On Sidero Omni, you declare extensions per machine using ExtensionsConfigurations:

# patches/phase04-gpu/402-gpu1-nvidia-extensions.yaml
metadata:
    type: ExtensionsConfigurations.omni.sidero.dev
    id: 402-gpu1-nvidia-extensions
    labels:
        omni.sidero.dev/cluster: frank
        omni.sidero.dev/cluster-machine: 03ff0210-...
spec:
    extensions:
        - siderolabs/iscsi-tools
        - siderolabs/nvidia-container-toolkit-production
        - siderolabs/nvidia-open-gpu-kernel-modules-production

A critical gotcha here: per-machine ExtensionsConfiguration resources in Omni override the cluster-wide config entirely — they do not merge. If the cluster already has iscsi-tools (needed for Longhorn), you must re-include it in the per-machine config or gpu-1 will lose iSCSI support and Longhorn will break on that node.

Applying the extension triggers an image rebuild and a reboot. Once the node comes back, the second patch loads the kernel modules:

# patches/phase04-gpu/04-gpu-nvidia-modules.yaml (abbreviated)
spec:
    data: |
        machine:
            kernel:
                modules:
                    - name: nvidia
                    - name: nvidia_uvm
                    - name: nvidia_modeset
                    - name: nvidia_drm

The ordering matters: extensions must be in the image schematic before you try to load the modules. Apply the extension config first, wait for the node to come back Ready, then apply the module patch.

GPU Operator Helm Values

With the driver and toolkit baked into Talos itself, the NVIDIA GPU Operator’s job shrinks considerably. Most of its default components would try to install things that Talos already provides (and cannot modify anyway). The values file is deliberately minimal:

# apps/gpu-operator/values.yaml
driver:
  enabled: false

toolkit:
  enabled: false

operator:
  defaultRuntime: containerd

driver.enabled: false because Talos provides the kernel modules. toolkit.enabled: false because Talos provides the container toolkit. The operator still handles device discovery, the device plugin, GPU feature discovery, and the DCGM exporter — all the Kubernetes-level plumbing.
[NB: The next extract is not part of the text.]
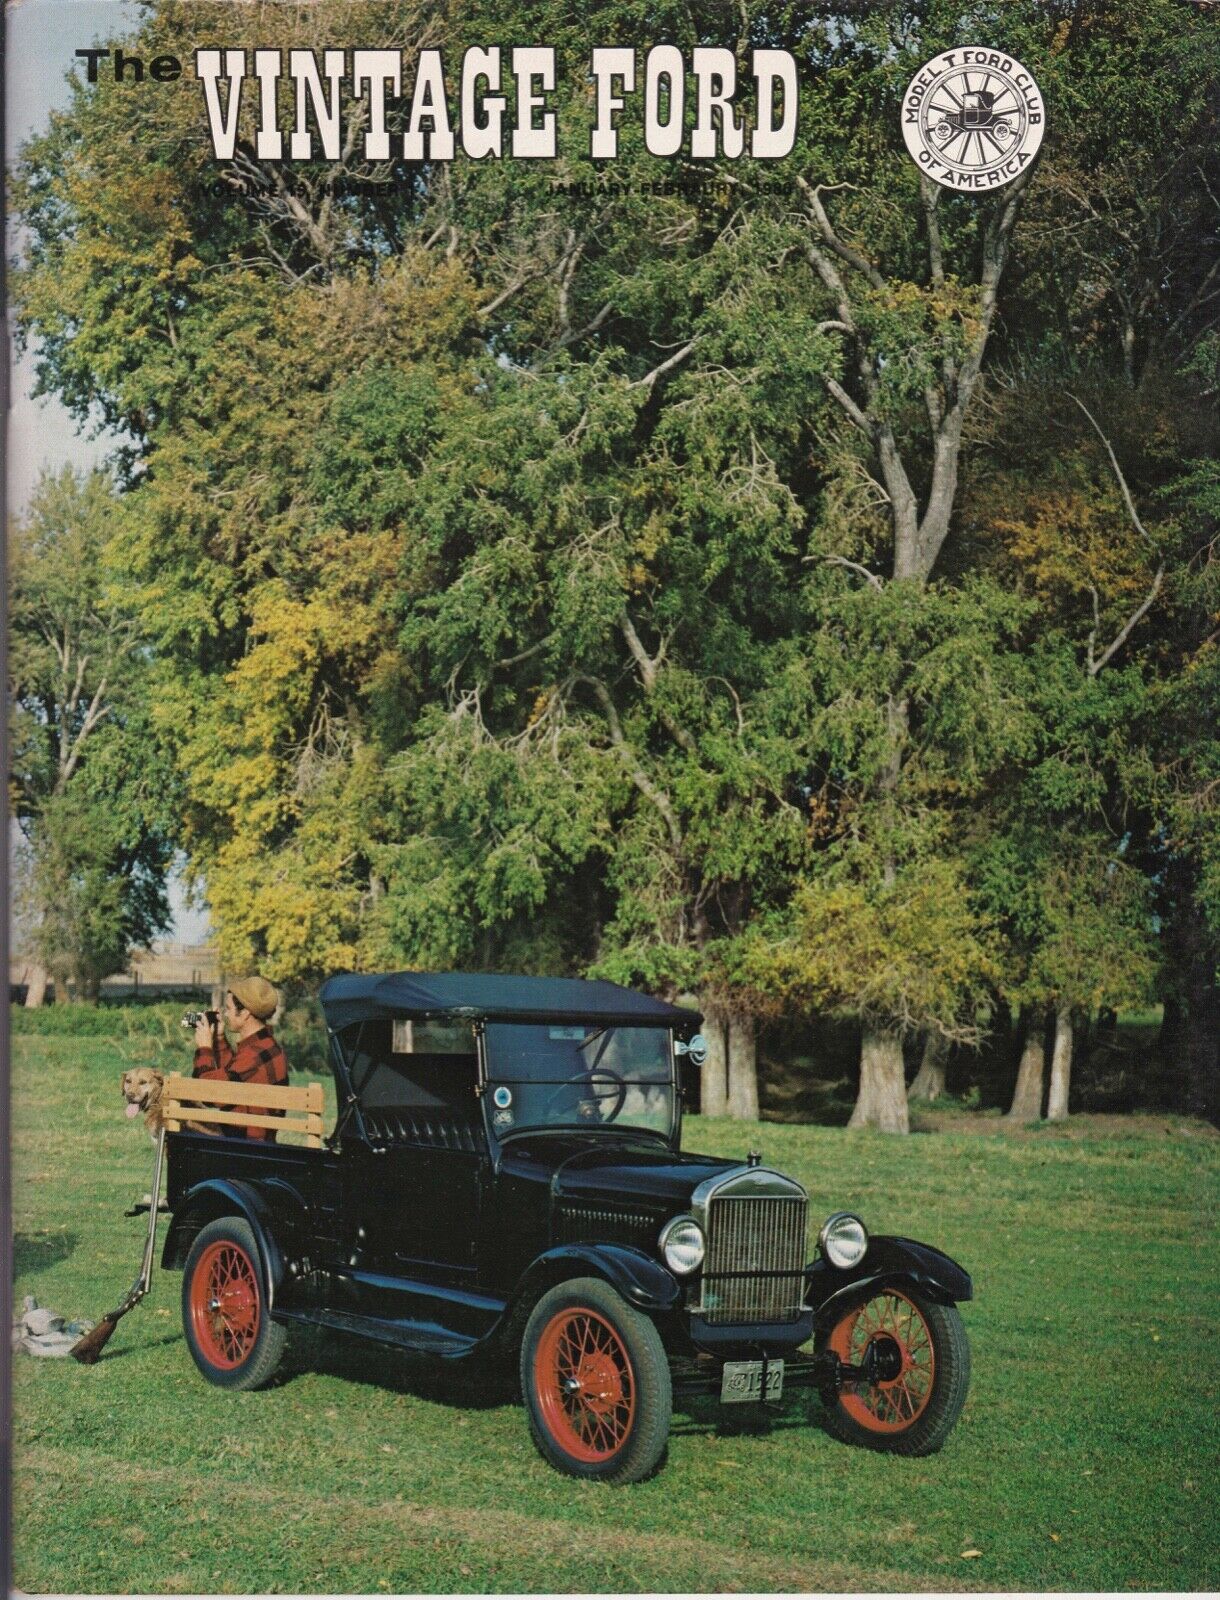 1924-1925 FORDS - THE VINTAGE FORD 1980 MAGAZINE - MOST EXTENSIVE COVERAGE YET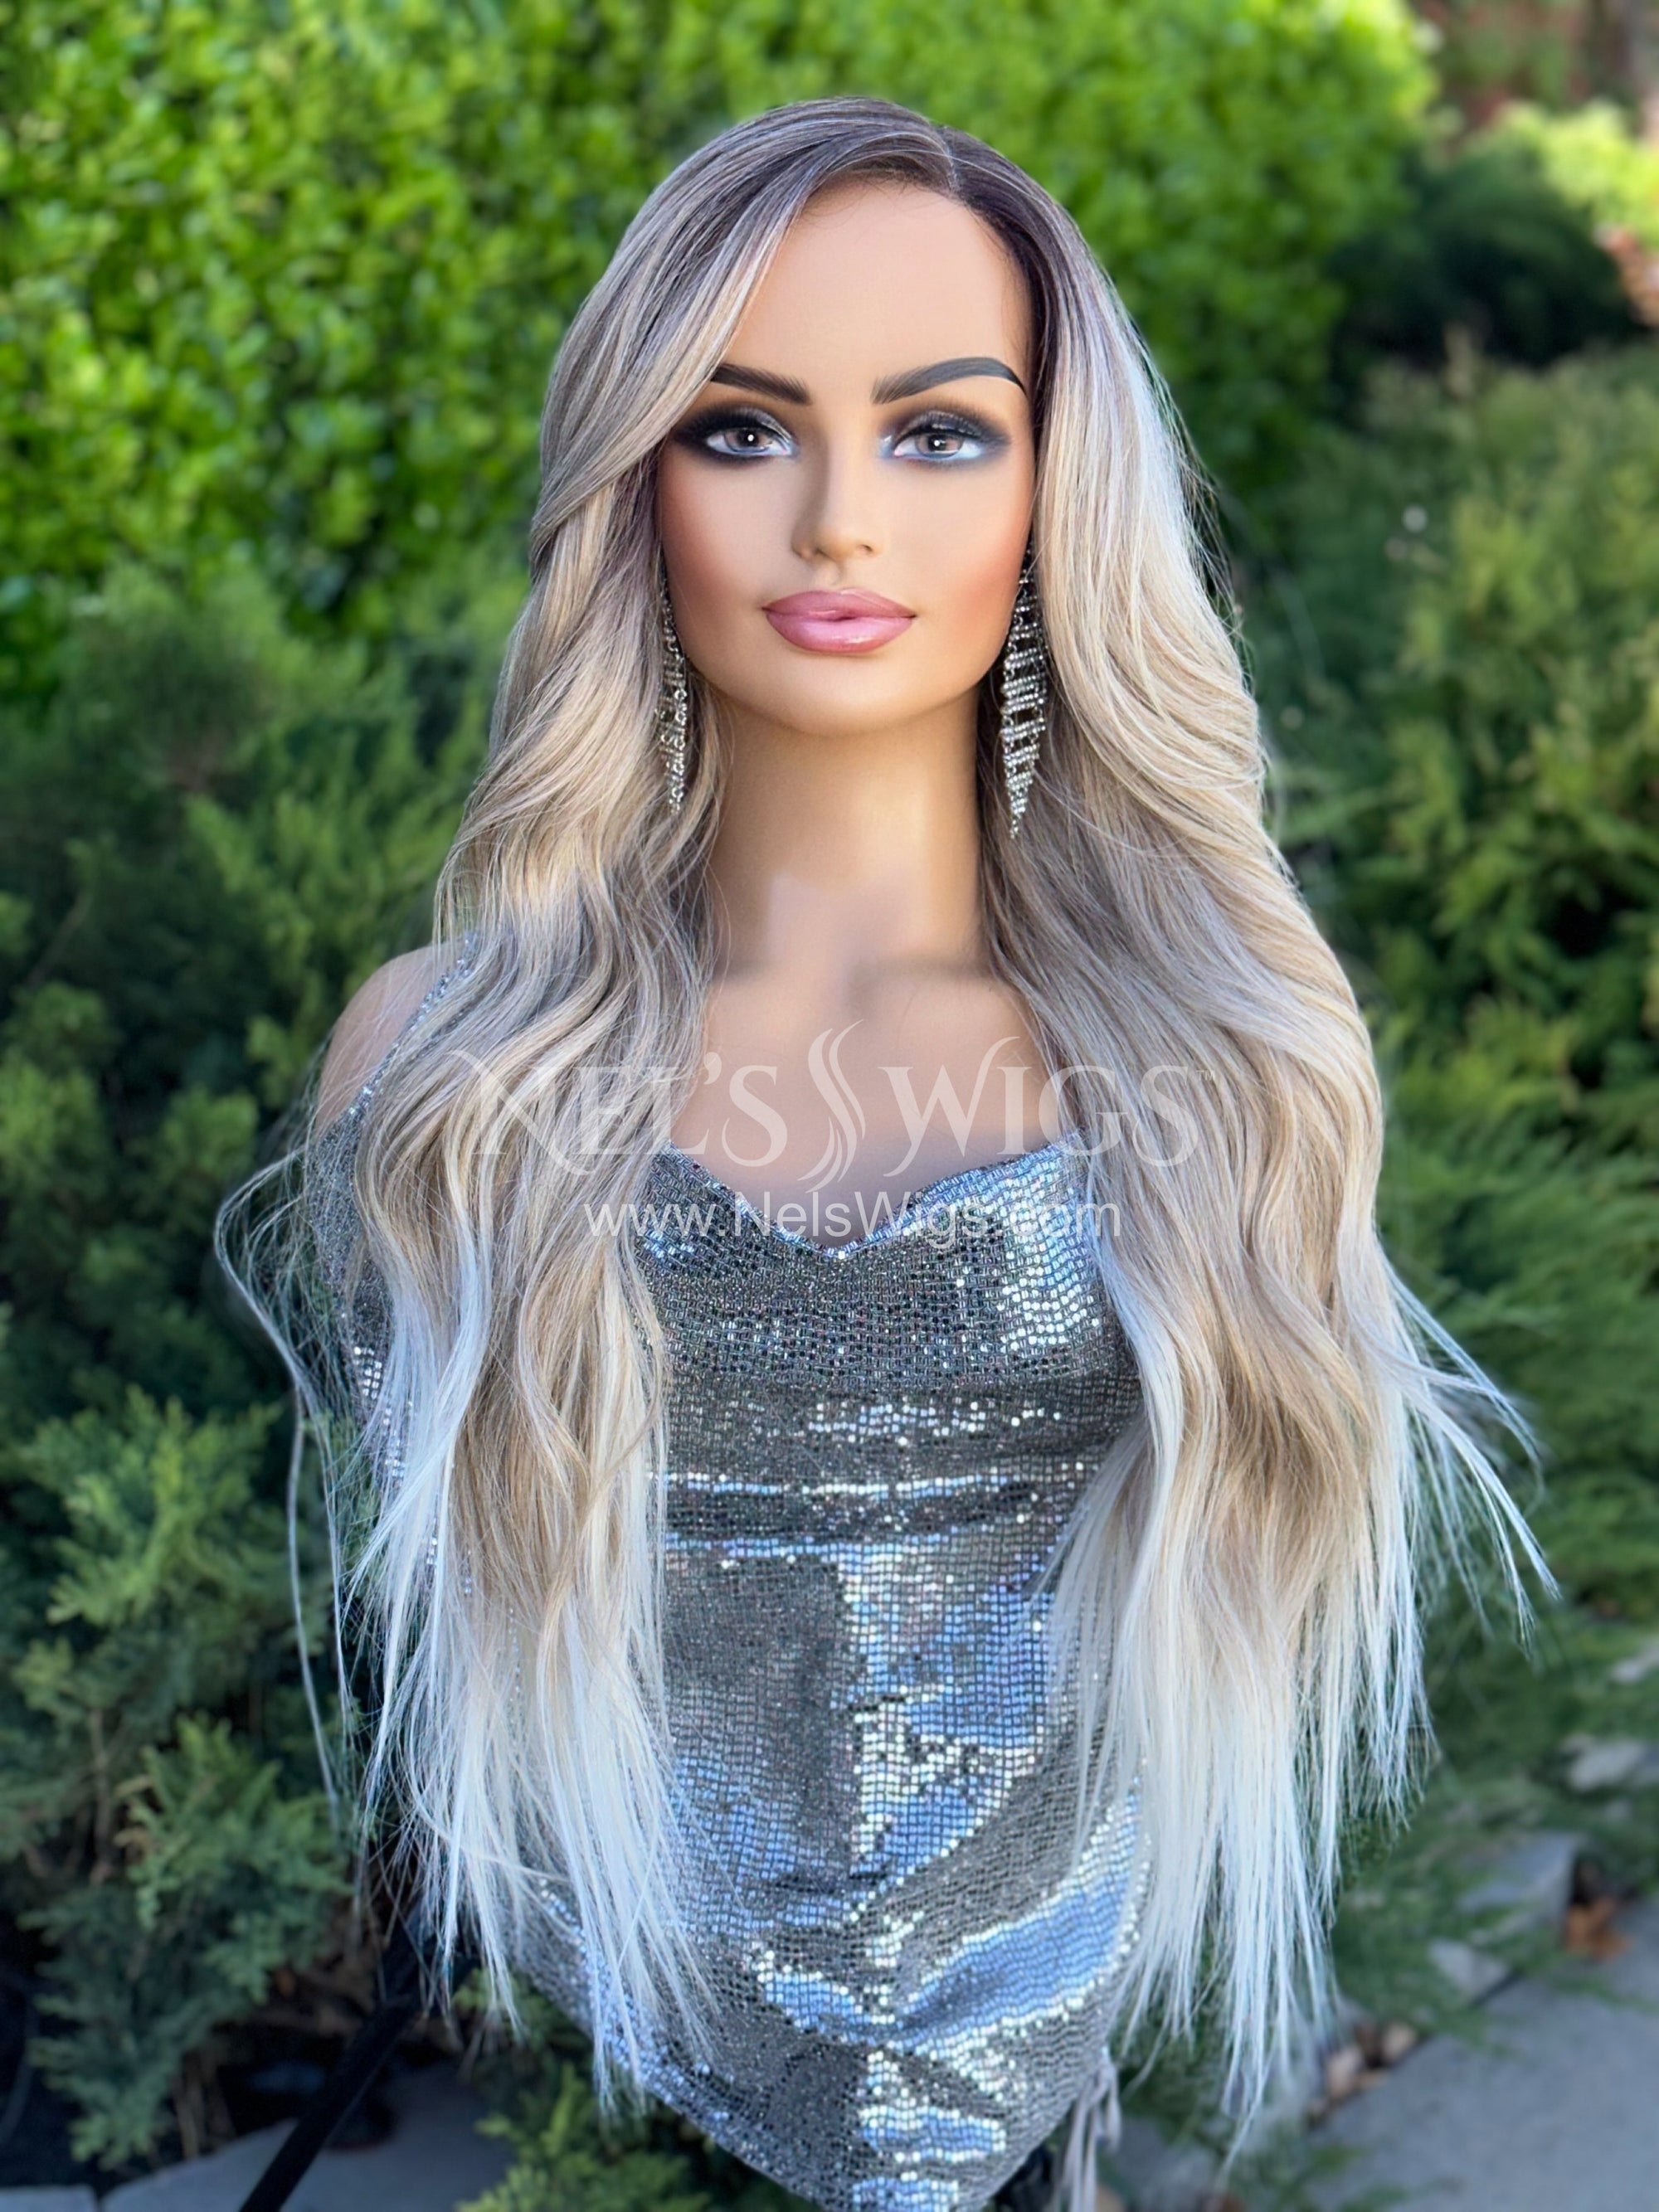 Bianca - Cream and Icy Blonde with Front Layers

The ArgoCD Application for the GPU Operator uses NVIDIA’s official Helm chart at v25.10.1:

# apps/root/templates/gpu-operator.yaml (abbreviated)
spec:
  sources:
    - repoURL: https://helm.ngc.nvidia.com/nvidia
      chart: gpu-operator
      targetRevision: "v25.10.1"
      helm:
        valueFiles:
          - $values/apps/gpu-operator/values.yaml
  syncPolicy:
    # Manual sync — GPU hardware not yet detected

Notice the sync policy: no automated block. This is intentional, and brings us to the hardware saga.

The Hardware Saga

The RTX 5070 is physically installed in gpu-1. The Gigabyte Z790 Eagle AX motherboard has a PCIe 5.0 x16 slot. The card is seated, powered (dual 8-pin), and the fans spin on boot. The RGB on the case fans (controlled via a separate USB HID controller) works fine.

Initially, the card was completely invisible to the PCIe bus — lspci showed nothing, no NVIDIA vendor ID 10de, silence. The NVIDIA kernel modules would load without error and simply find no hardware to bind to. The GPU Operator deployed fine from a software perspective, but there was no GPU to operate on.

What was tried before the fix:

  • BIOS settings — confirmed PCIe set to Auto/Gen5, CSM disabled, Above 4G Decoding enabled, Resizable BAR enabled.
  • Different BIOS versions — updated from the factory BIOS (predating the RTX 50-series) to the latest available. No change.
  • Power supply — verified PSU rail stability with a multimeter on the PCIe power connectors.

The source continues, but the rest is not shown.